The Return (Sort of) of Calvin and Hobbes


Bill Watterson still keeps an exceedingly low profile, but here’s the first significant Calvin and Hobbes news since the strip left newspapers nine years ago: Andrews & McMeel will be publishing The Complete Calvin and Hobbes in September. Unlike The Complete Peanuts, this won’t be a long, drawn-out publishing project: For $150, you’ll get three hardbound volumes with the strip’s entire decade-long run. (I’m not sure if the Sundays will be in color or not.)

I’m also still not sure if C&H was a strip to rank with the best that newspapers ever saw, but I think it’s pretty clear it’s the best strip we’ve seen in the last twenty years. (I’d also rate the best of Berke Breathed’s Bloom County as being something of lasting importance; if there was a complete BC, I might buy it.) It’s nice to know that Watterson’s work, unlike that of some great cartoonists, won’t have to wait until decades after the artist’s passing to end up in a definitive, complete collection.

Meanwhile, if September seems a long time away or $150 sounds like a lot of money, you can read Calvin strips for free here.

3 comments on “The Return (Sort of) of Calvin and Hobbes”

  1. I’m sure my comments reflect how embarrassingly young I am, but for the sake of discussion:.

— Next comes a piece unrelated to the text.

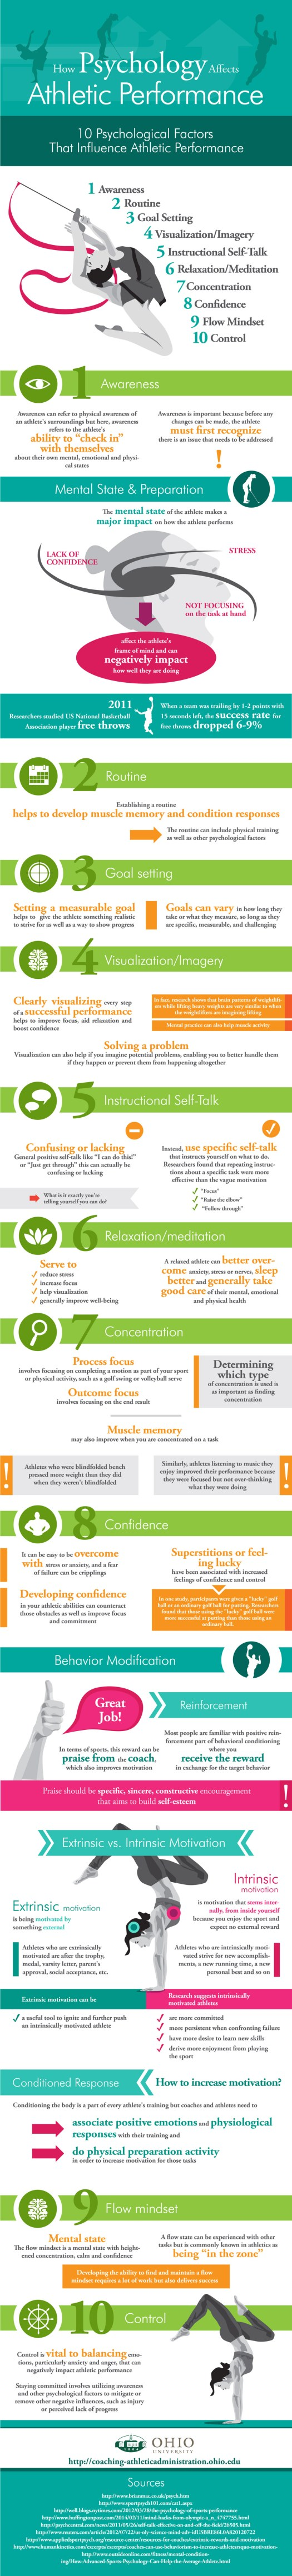 OU-MCE-Sports-Psychology-Infographic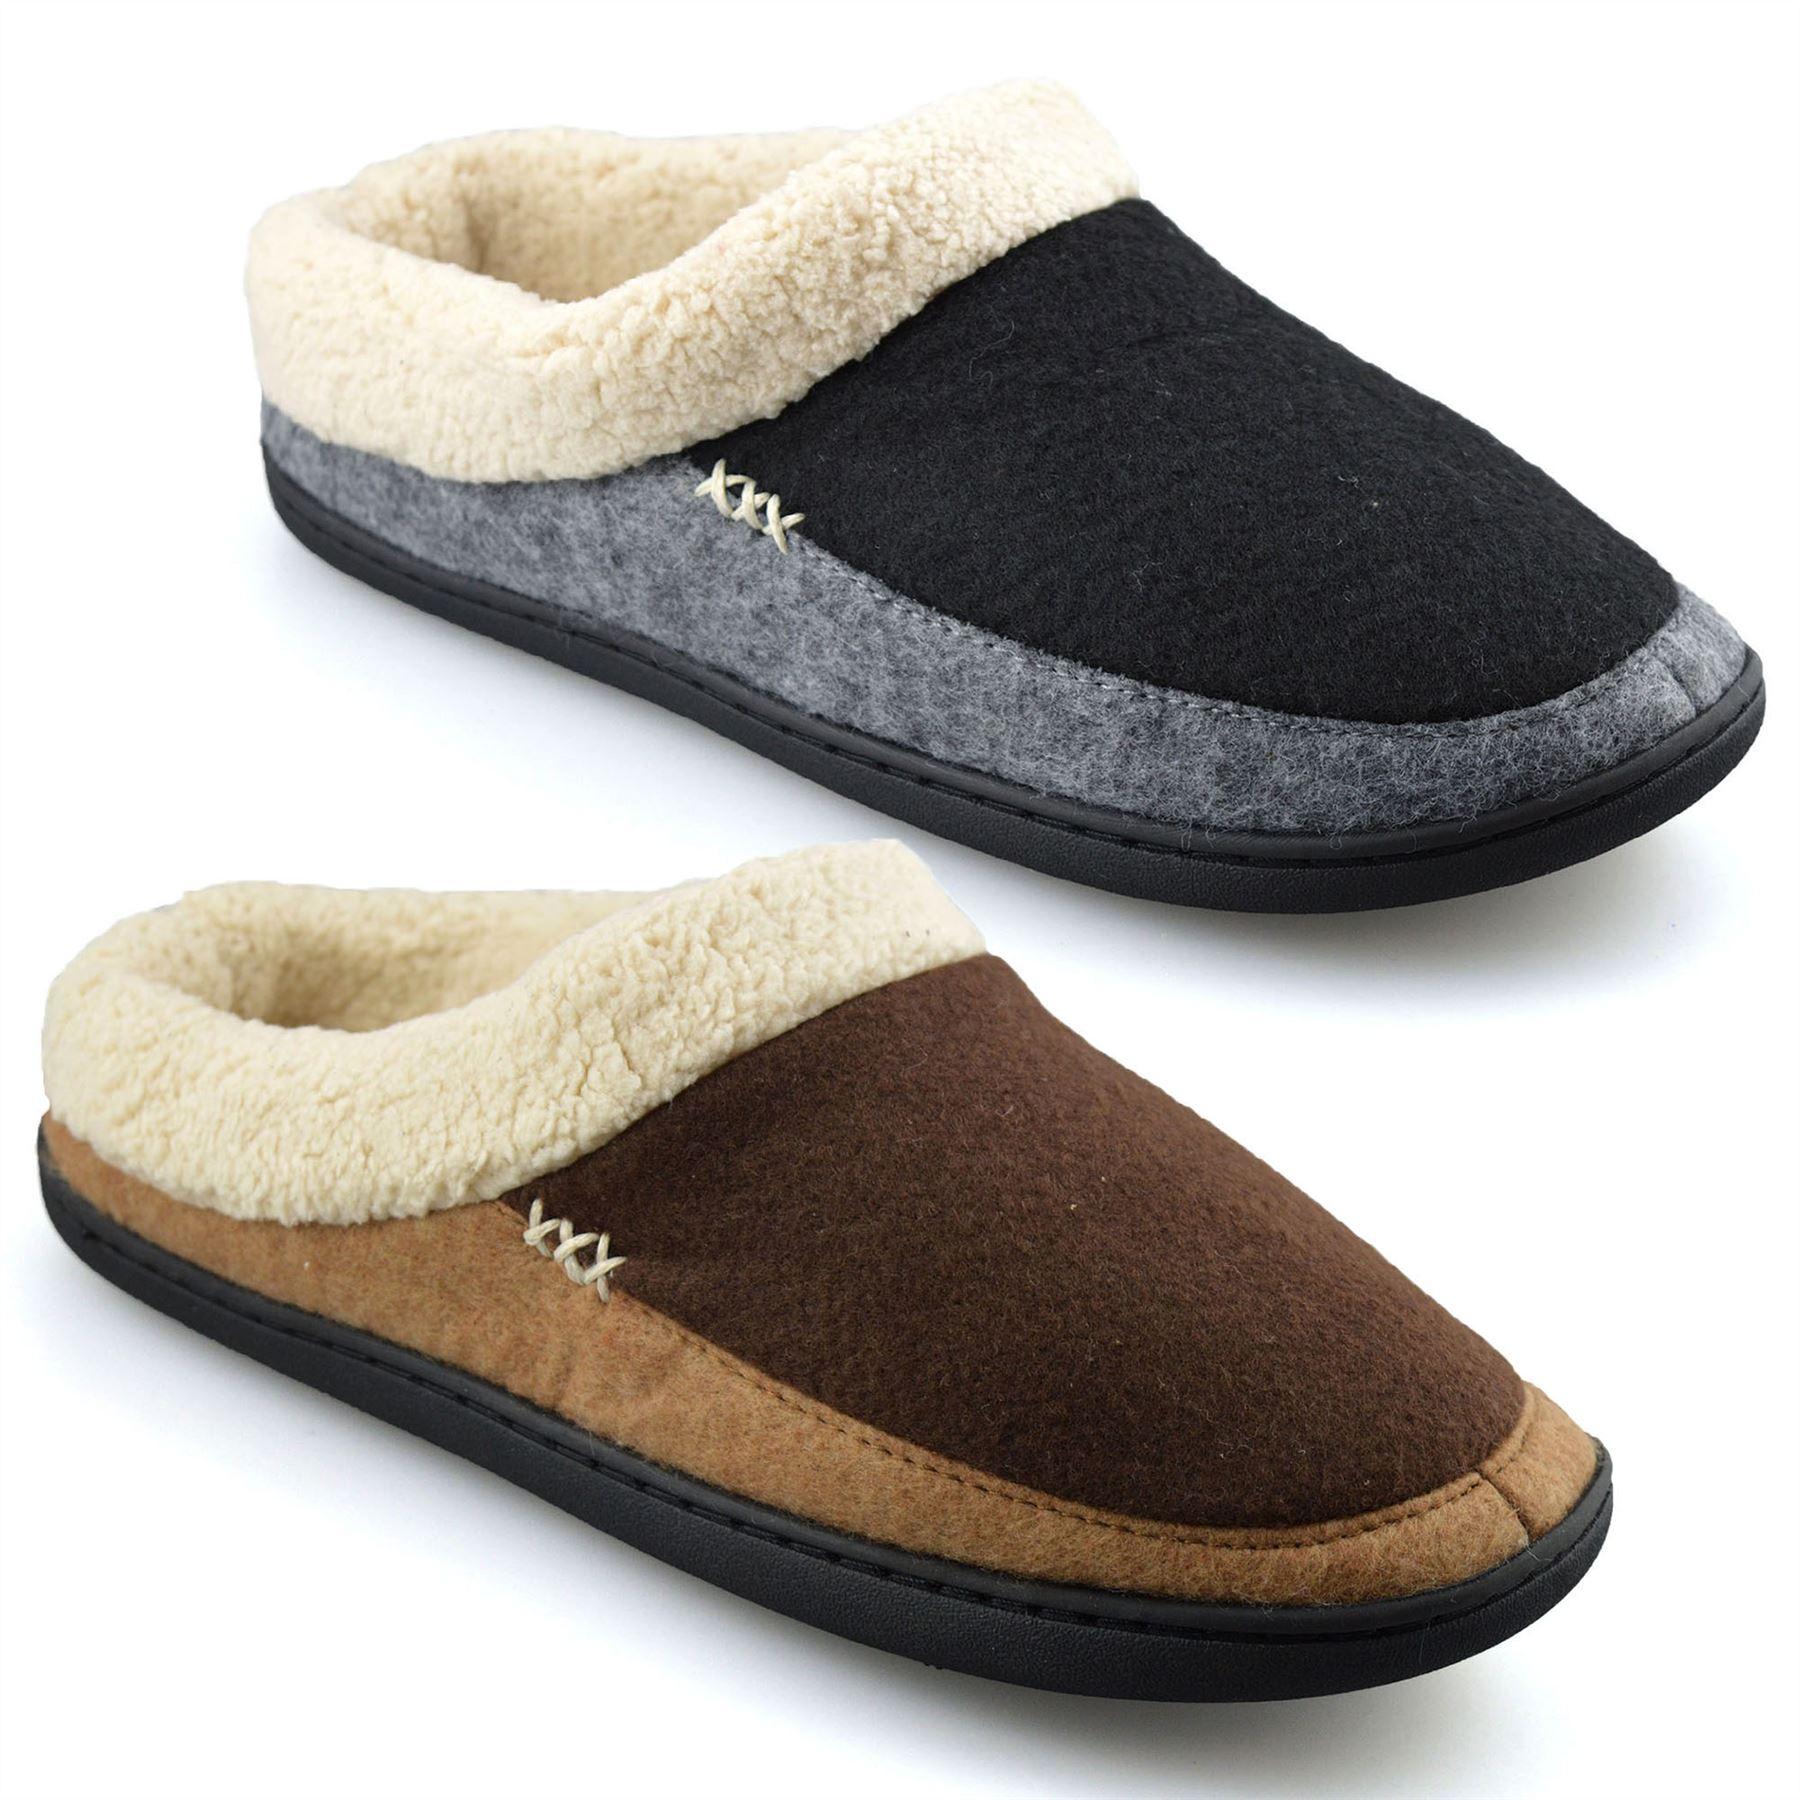 Details zu Mens Memory Foam Warm Faux Suede Fleece Slippers Slip On Clog Mules Shoes Size

    Before C & H, I don’t remember reading any strip that treated reality as subjective or succeeded in aspiring to be more than a gag-a-day routine without coming across as cheesy or pretentious. And it was the only strip that was really gorgeous to look at. In fact, the only strip I see today that matches C & H’s visuals is Mutts.

    Granted, I don’t know much about the classic strips. Peanuts, Pogo, and Terry & the Pirates are the only ones I enjoy. (I’ve been meaning to get my hands on some of the old Disney comics.) Yet I think it’s safe to say that C & H was influential enough to warrant a spot among the greatest strips ever drawn. You just have to turn to the comics page to see that influence. Everyone and their granddaddy uses the subjective reality gag now.

    ‘Course having said all that, I’m not sure I’m willing to plunk down 150 big ones for strips I’ve already got collected elsewhere.

  2. I’m curious as to whether the various commentaries and articles that Watterson wrote for the earlier collections will be included or not. I would hope so, but I’m guessing that they’re not.

    Watterson gave some of the history of the strip and some of his battles with his syndicate coverage in those pieces, and if this new volume is intended to be complete and historically accurate, those articles should be included.

  3. It’s sad a generation of kids thinks of Calvin as merely that kid who’s stuck on the back of car windows peeing on things like rival auto logos and numbers of NASCAR drivers.

    Therefore I’ll be looking forward to seeing the real deal back in action.